Trust, safety and compliance in the healthcare AI domain will all rely on technology’s ability to explain the process it used to arrive at decisions. The RSA and YouGov’s research corroborates this from the perspective of the general public whose support for these systems increased by 36% if users could be granted the right to request an explanation of the organisational steps or processes undertaken to reach a decision with an AI system.
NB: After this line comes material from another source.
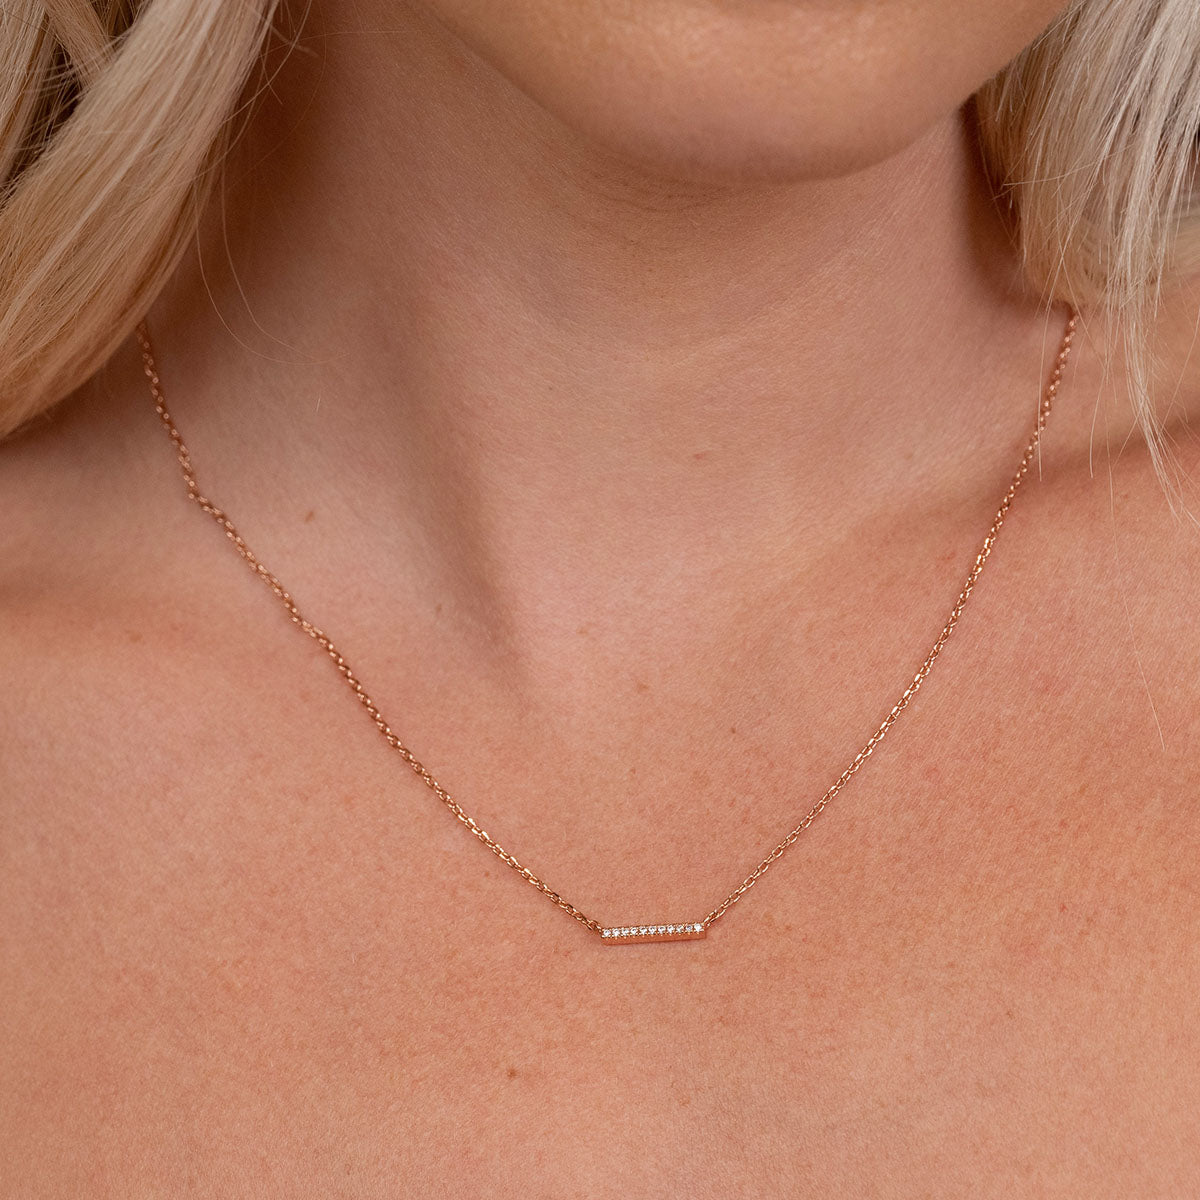 Cute rose gold bar necklace with stones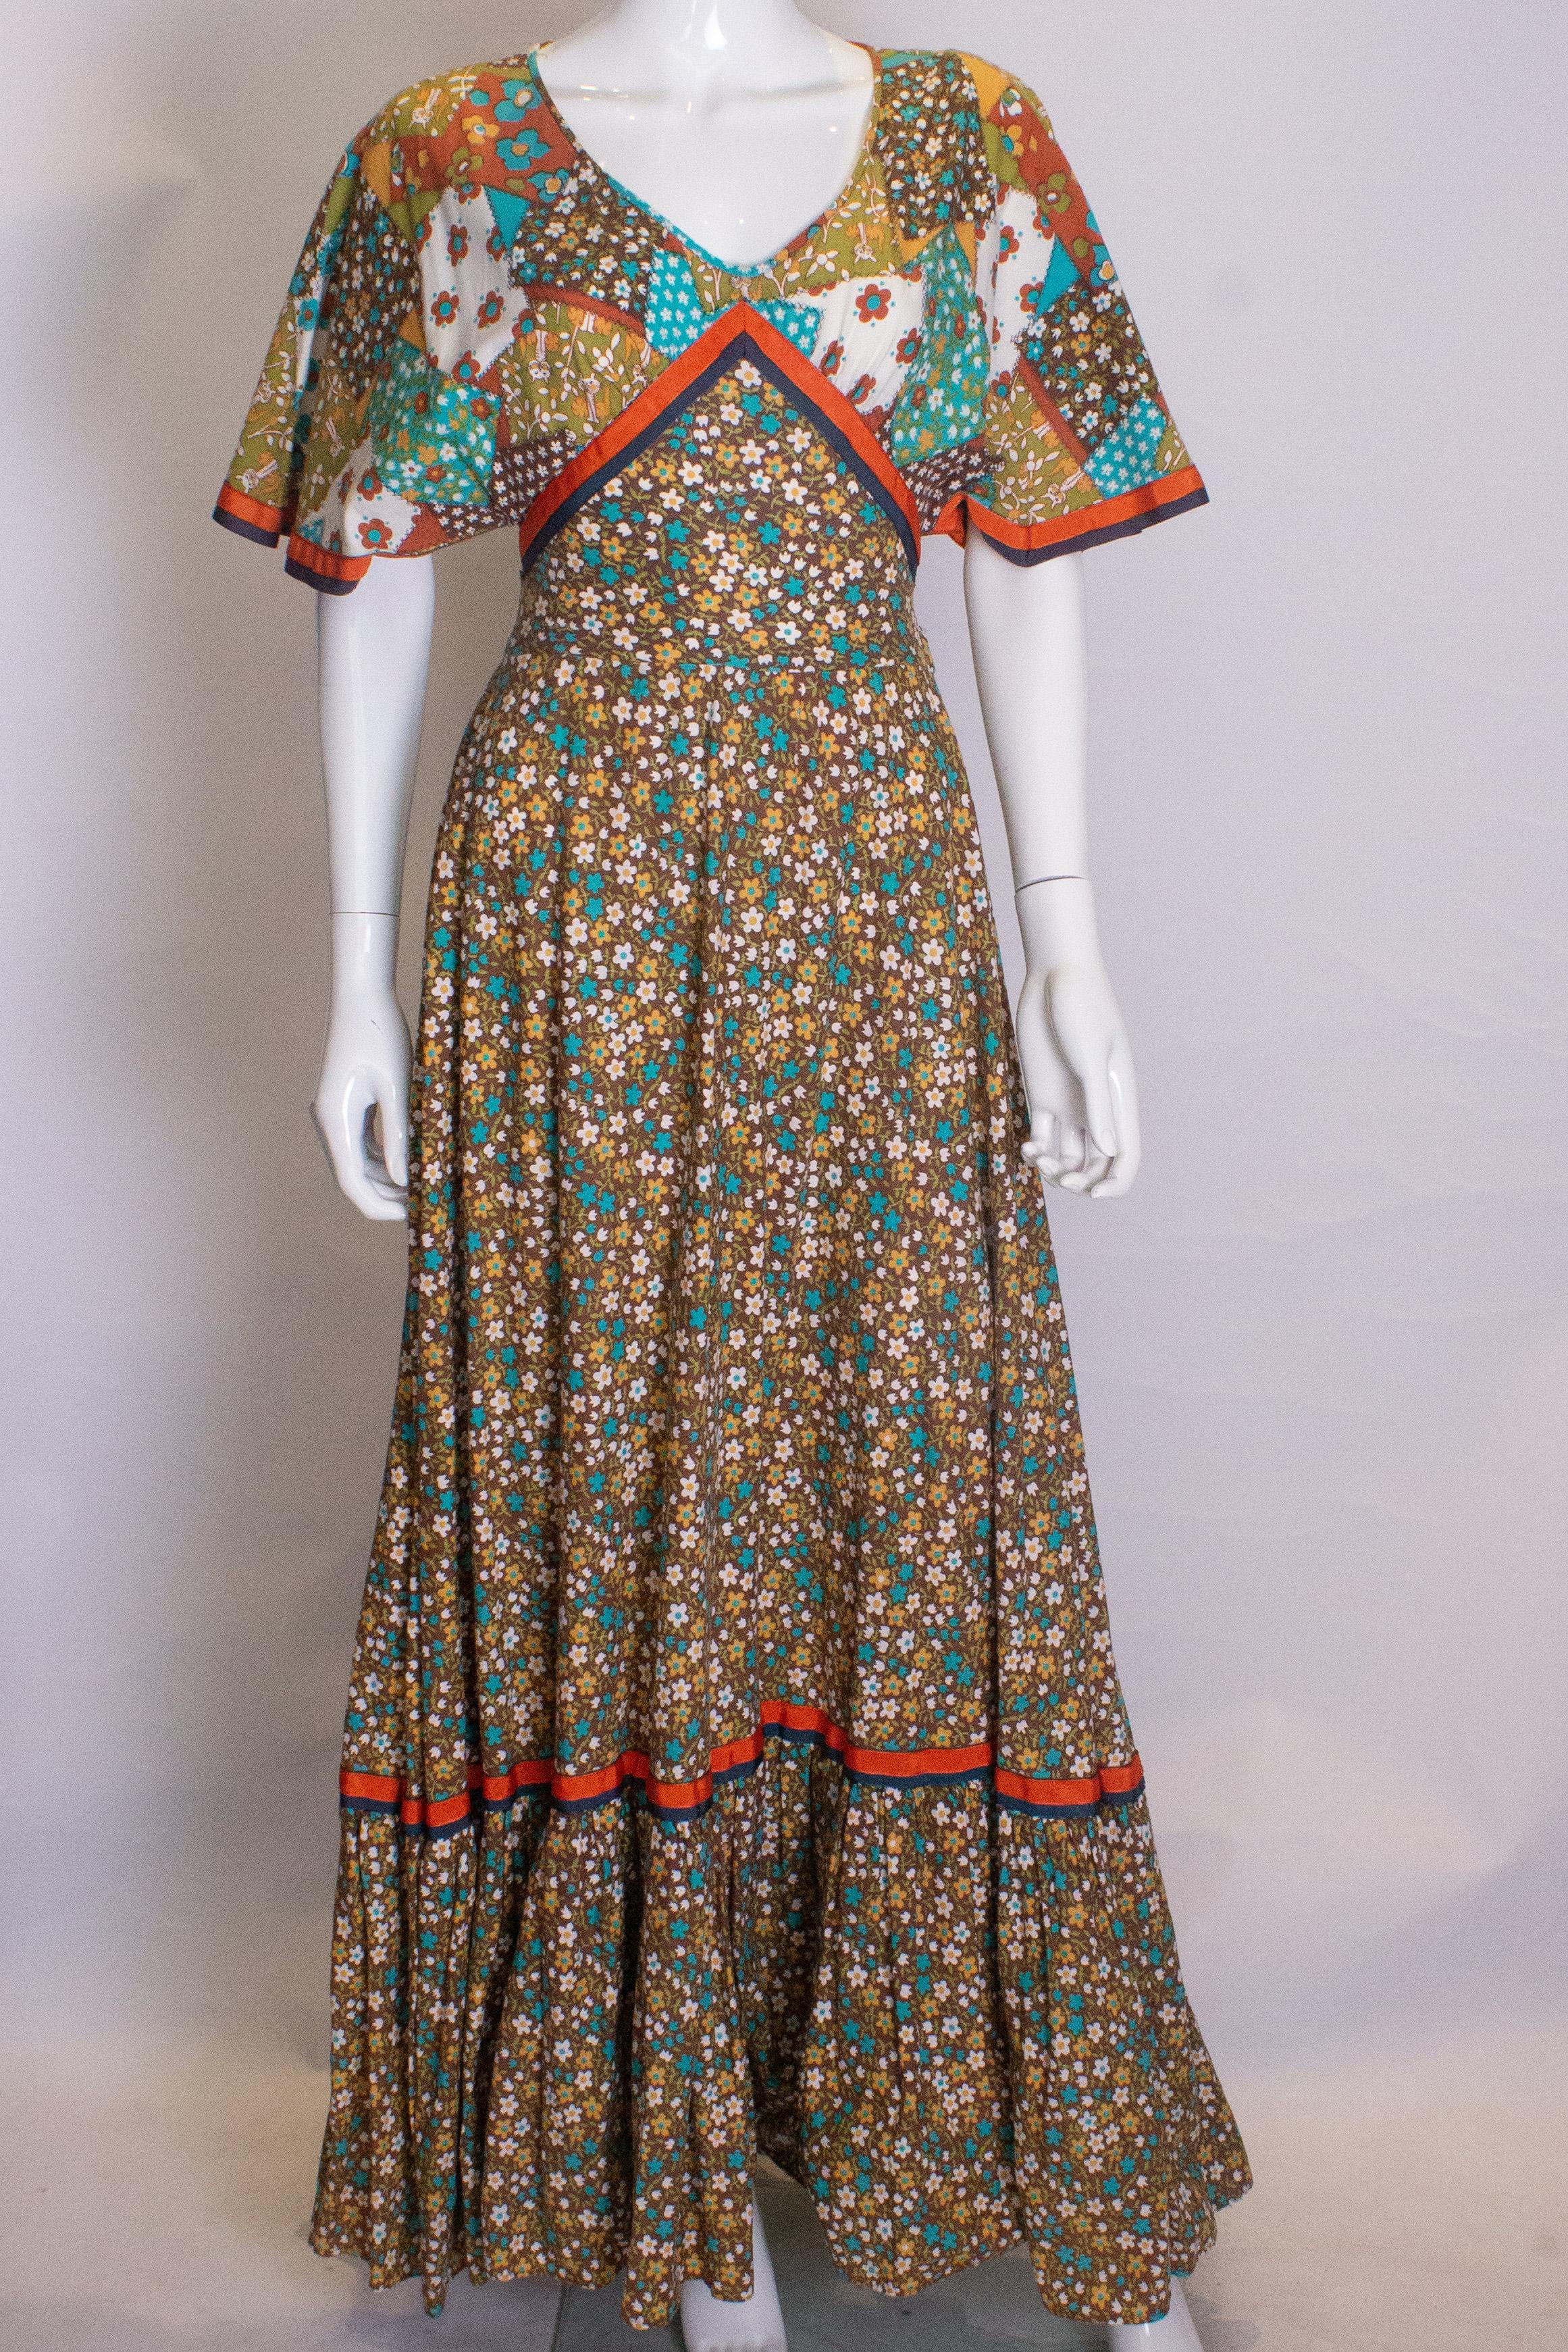 A fun vintage gown by Susan Small.The dress is in a colourful patchwork print, and has a v neckline, cap sleeves, a self fabric tie belt, frill at the hem, and a central back zip.

We also need to think about the impact of healthcare AI in a much wider context than just the patients alone. Doctors, nurses and NHS leadership also have to trust automated decision making if adoption of the technology is going to happen en-masse. If a consultant is using AI to make a decision on a terminal diagnosis, they need to believe the technology is trustworthy and dependable. If diagnoses are challenged there needs to be an audit trail showing how decisions were reached and the level of certainty the technology had when it recommended the decision.
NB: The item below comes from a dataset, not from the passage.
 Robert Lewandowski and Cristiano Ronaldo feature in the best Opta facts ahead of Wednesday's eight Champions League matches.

We need more algorithms for automated decision-making that are modelled on human expertise – rather than black box data. At its heart AI is for collaboration with people. By building human/medical expertise into the development of healthcare AI platforms we can enable these systems to provide clear explanations for the decisions they make. And they can do this in a format that those same human experts understand and can confirm. Human-down AI is critical to the technologies future in healthcare and in building patients’ and healthcare professionals’ trust in automated decision making.
The current disconnect between how automated decision-making works and the public’s understanding of it cannot continue. Transparent, auditable and accountable platforms must be the norm rather than the exception.
If the public at large’s fear and distrust in healthcare AI isn’t properly addressed we risk wasting the enormous potential AI in healthcare has to benefit each and every one of us. We can’t let that happen.